Minimum Cost Threshold
Only resources costing more than $10/month are flagged. Low-cost resources are excluded to keep the signal-to-noise ratio high.
Tag coverage gate
A tag-coverage warning sits at the top of the page when your account is below the 80% coverage threshold. Untagged resources distort every savings number on the page — chargeback rolls them into "Shared Infrastructure" instead of their real owner, and right-sizing recommendations can't be attributed to a team.
The warning shows the gap (e.g. 73.0% on demo-aws-587432109876 — chargeback accuracy will be reduced), how much spend it represents (12% of spend untagged), and links to the Tag Health tab for remediation. Dismissing it collapses to a small "tag warning hidden — click to show" pill at the top of the page; click the pill to bring back the full panel.
Provider-Specific insights
Each cloud provider has unique optimization opportunities:
AWS
- NAT Gateway optimization — Identify expensive NAT traffic that could use VPC endpoints
- ECR lifecycle policies — Flag repositories without image cleanup rules
- EBS volume optimization — Detect unattached or underutilized volumes
- ECS/Fargate right-sizing — Analyze container CPU and memory reservations
Azure
- Stopped VM billing — Deallocated VMs that still incur disk charges
- Unattached managed disks — Orphaned disks with no associated VM
- App Service plan consolidation — Underutilized plans that could be merged
GCP
- HA in development — High-availability configurations on non-production workloads
- Persistent disk snapshots — Old snapshots consuming storage unnecessarily
- Idle Cloud SQL instances — Databases with minimal query activity
Recommendation types

Right-Sizing
Suggests a smaller (or larger) instance type based on observed CPU, memory, and network utilization.
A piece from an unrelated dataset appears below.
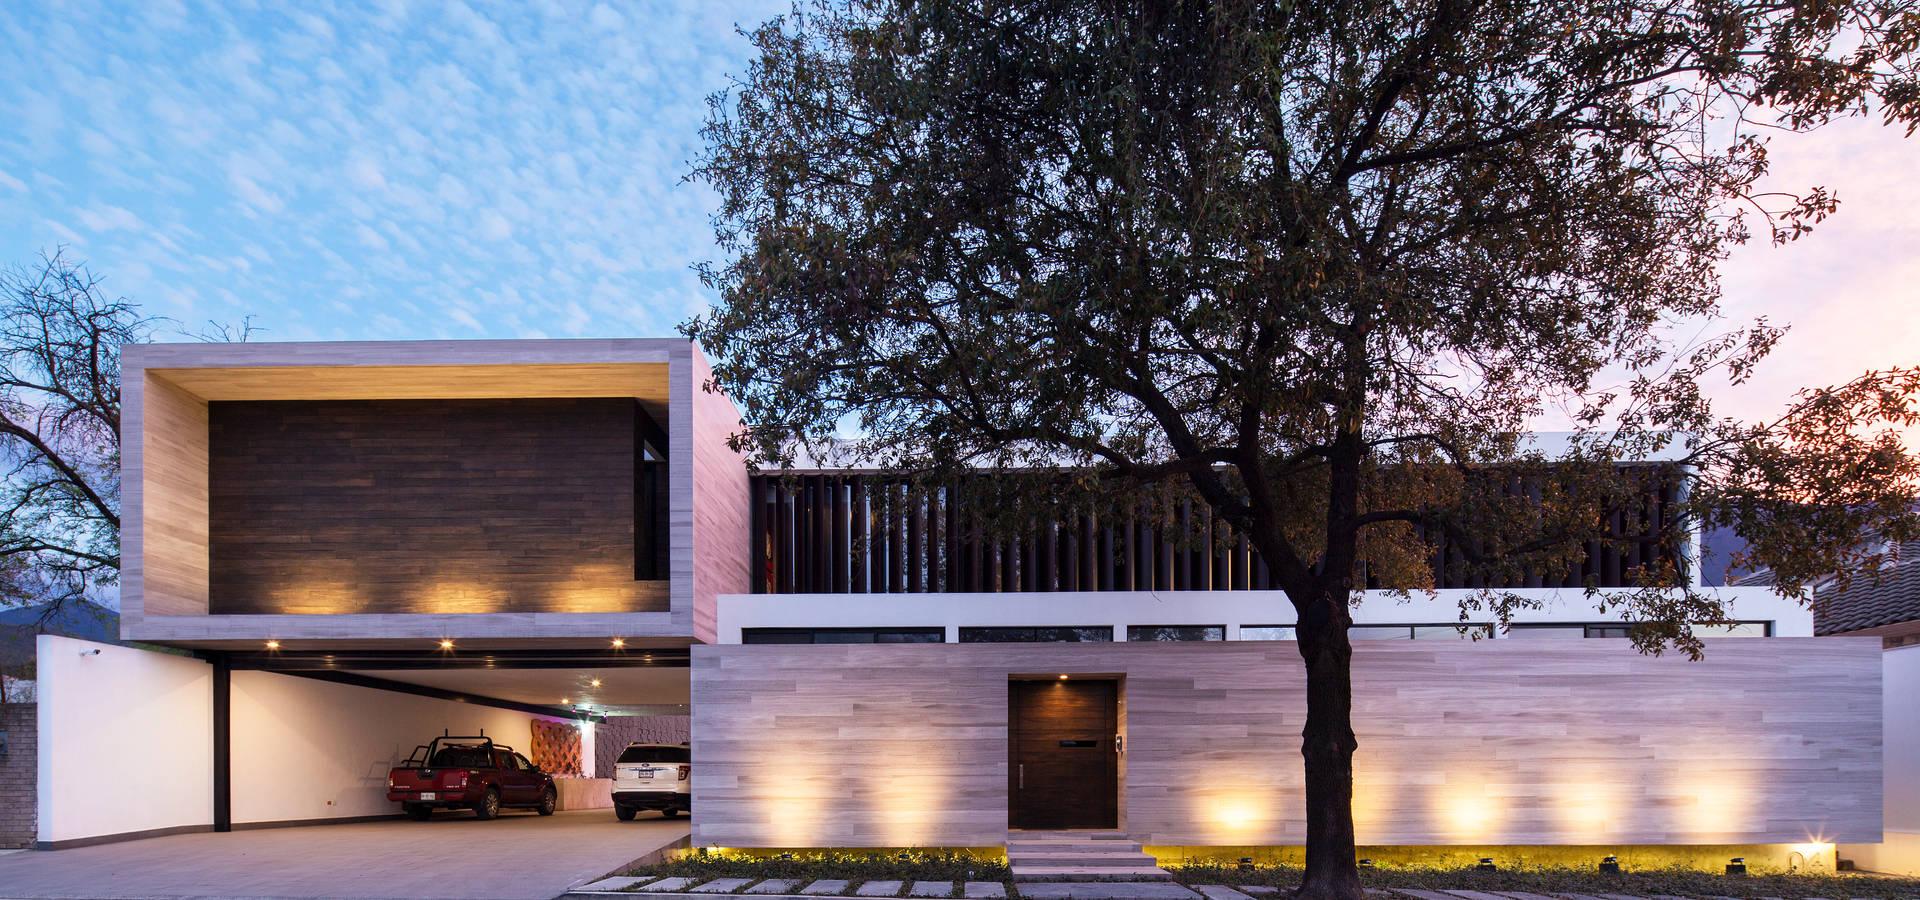 WRKSHP arquitectura/urbanismo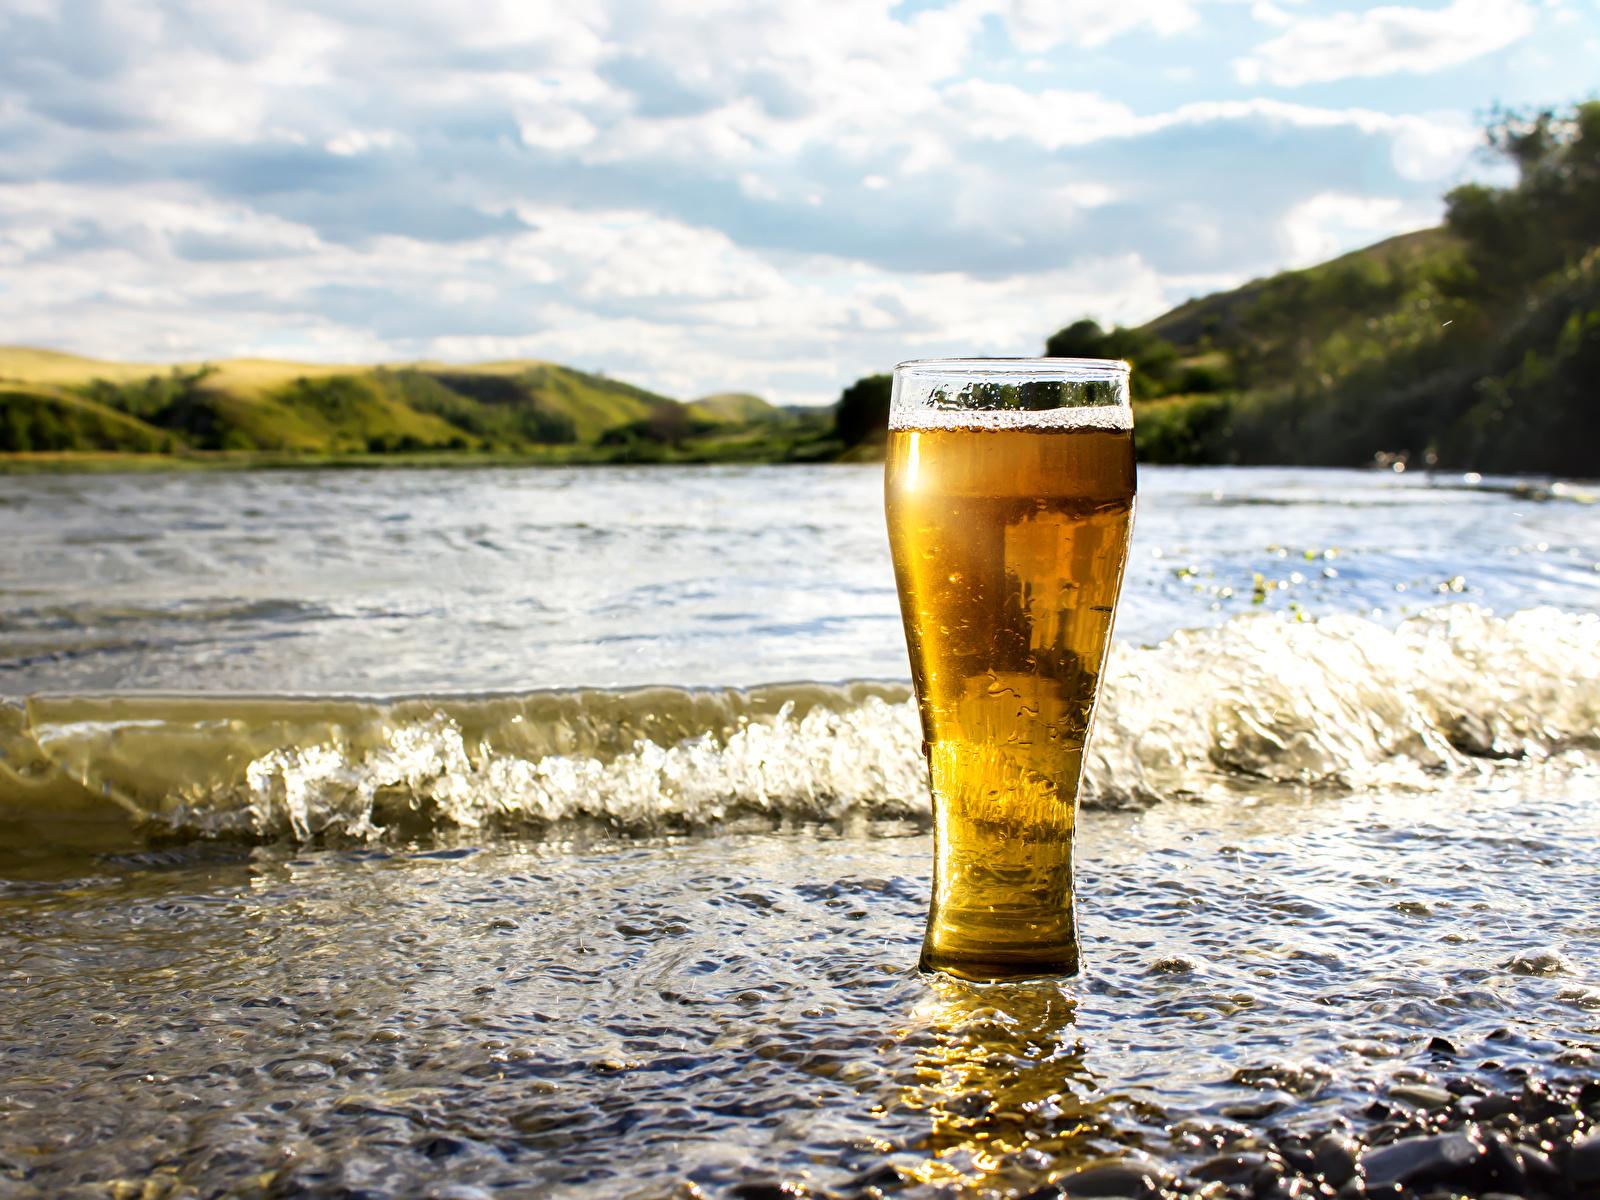 Картинки Пиво Волны стакана Побережье Продукты питания 1600x1200 Стакан стакане Еда Пища берег

Each recommendation shows:
- Current instance type and cost
- Recommended instance type and cost
- Estimated monthly savings
- Utilization metrics that support the recommendation
Commitment purchase
Recommends Reserved Instances, Savings Plans, or Committed Use Discounts based on your steady-state usage. See the Commitments page for details.
Resource cleanup
Identifies resources that can be safely deleted:
- Unattached storage volumes
- Old snapshots beyond retention policy
- Unused Elastic IPs or static addresses
- Idle load balancers with no targets
Effort classification
Each recommendation includes an effort estimate:
| Effort | Description | Examples |
|---|---|---|
| Low | Can be done in minutes, minimal risk | Delete unattached disk, remove old snapshot |
| Medium | Requires testing or a maintenance window | Right-size a VM, modify an instance type |
| High | Involves architecture changes or migration | Move to Spot instances, consolidate services |
Savings estimation
Every recommendation includes an estimated monthly savings figure. Savings are calculated using:
- Current resource cost (from billing data or pricing catalog)
- Recommended resource cost (from the provider's pricing)
- The difference, projected to a monthly figure
WARNING
Savings estimates are projections based on current usage patterns. Actual savings may vary if workload characteristics change after implementation.
AI validation
When AI analysis is enabled, each insight is validated by an AI model that reviews the underlying data and context. Validation results appear as badges:
| Badge | Meaning |
|---|---|
| Agree | AI confirms the recommendation is sound |
| Disagree | AI found reasons the recommendation may not apply |
| Partial | AI agrees with the finding but suggests a different action |
Explain button
Click the Explain button on any insight to get an AI-generated explanation that covers:
- Why this resource was flagged
- What the usage data shows
- Whether the recommendation is safe to implement
- Any risks or caveats to consider
TIP
AI explanations are cached for 24 hours. Subsequent clicks return the cached explanation instantly.